CCL has over 20 contracts with ocean carriers such as Maersk, MSC, CMA CGM, etc. Due to large cargo volume, CCL acts as a booking agent for carriers in local ports in China and other small- to medium-sized third-party logistics providers (3PLs) which book space with CCL directly. The small- to medium-sized 3PLs account for 80% of the cargo volume and the rest is from direct customers. To date, nearly 10,000 3PLs have used its services. Its direct customer base includes key accounts such as Nike, Watsons and Qianjiang Motorcycle.
CCL is not only a freight forwarder, but also a shipping company. It has its own ships for transporting bulk cargo.
In order to match customers’ demands, CCL has 100 owned tractors in Shanghai and 300 tractors it subcontracts to handle containers.

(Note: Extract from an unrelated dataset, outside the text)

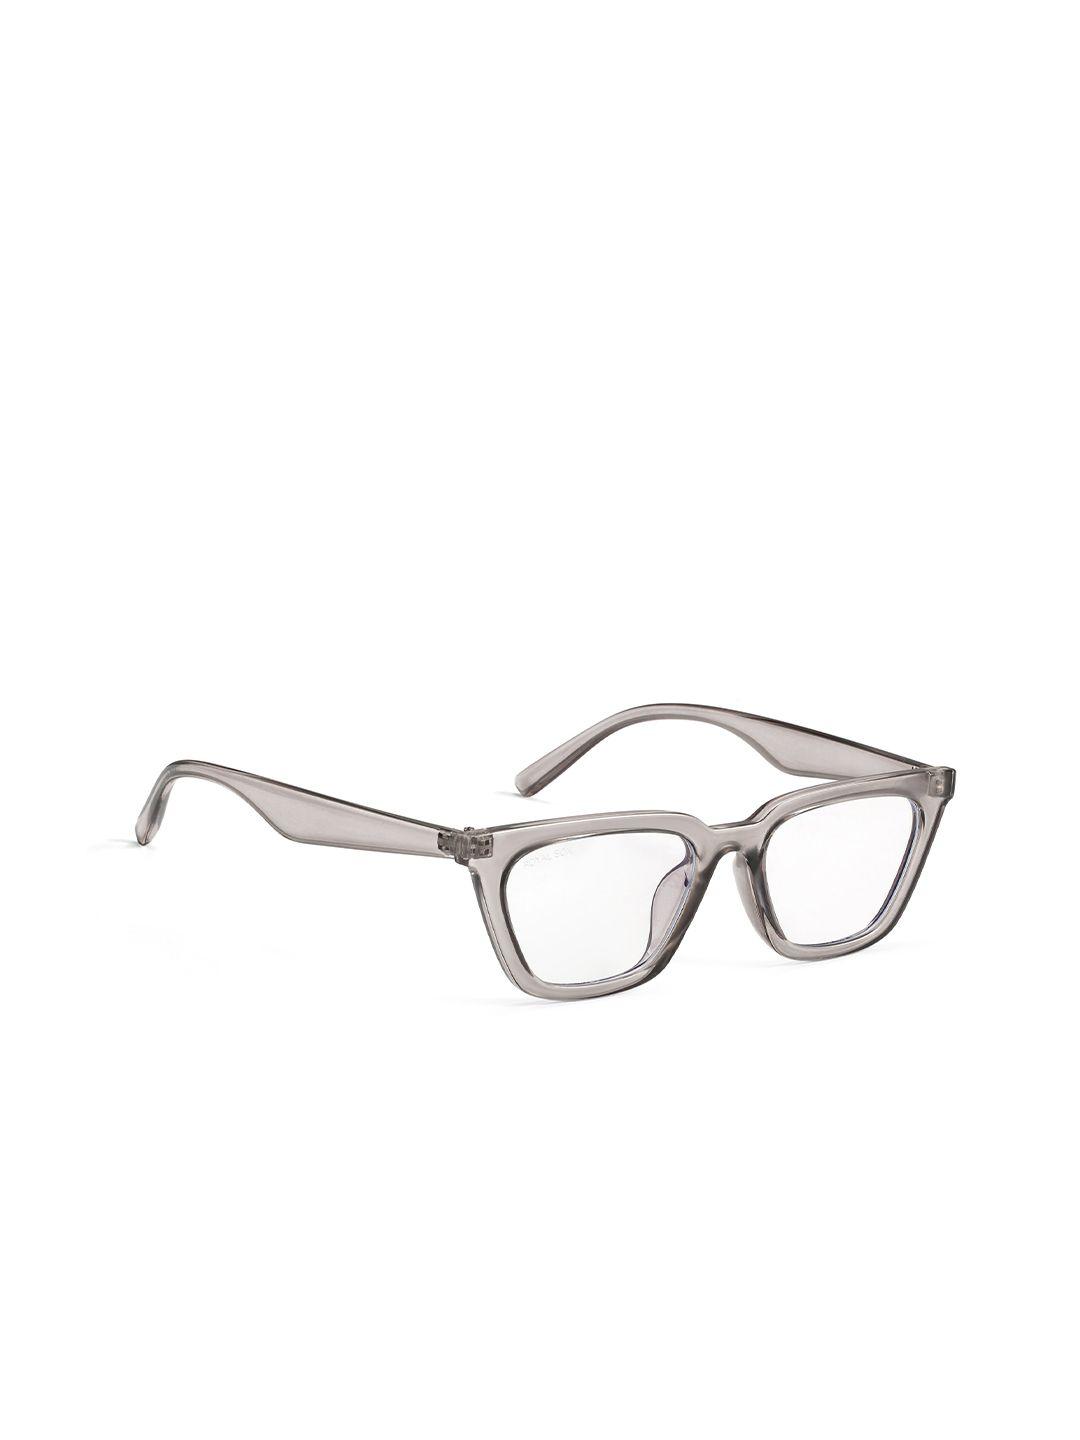 royal son unisex clear lens & gunmetal-toned wayfarer sunglasses - chi00126-c2-clear

In Ningbo, CCL has a warehouse with 48,000 square meters of warehousing space. Although this helps in operations at the Ningbo Port, warehousing and trucking are not CCL’s business focus.
According to Mr. Chang, ocean freight volume is expected to reach 450,000 TEUs in 2011. This would make CCL’s year-on-year average growth rate 17%. CCL has maintained good financial performance even in the economic crisis.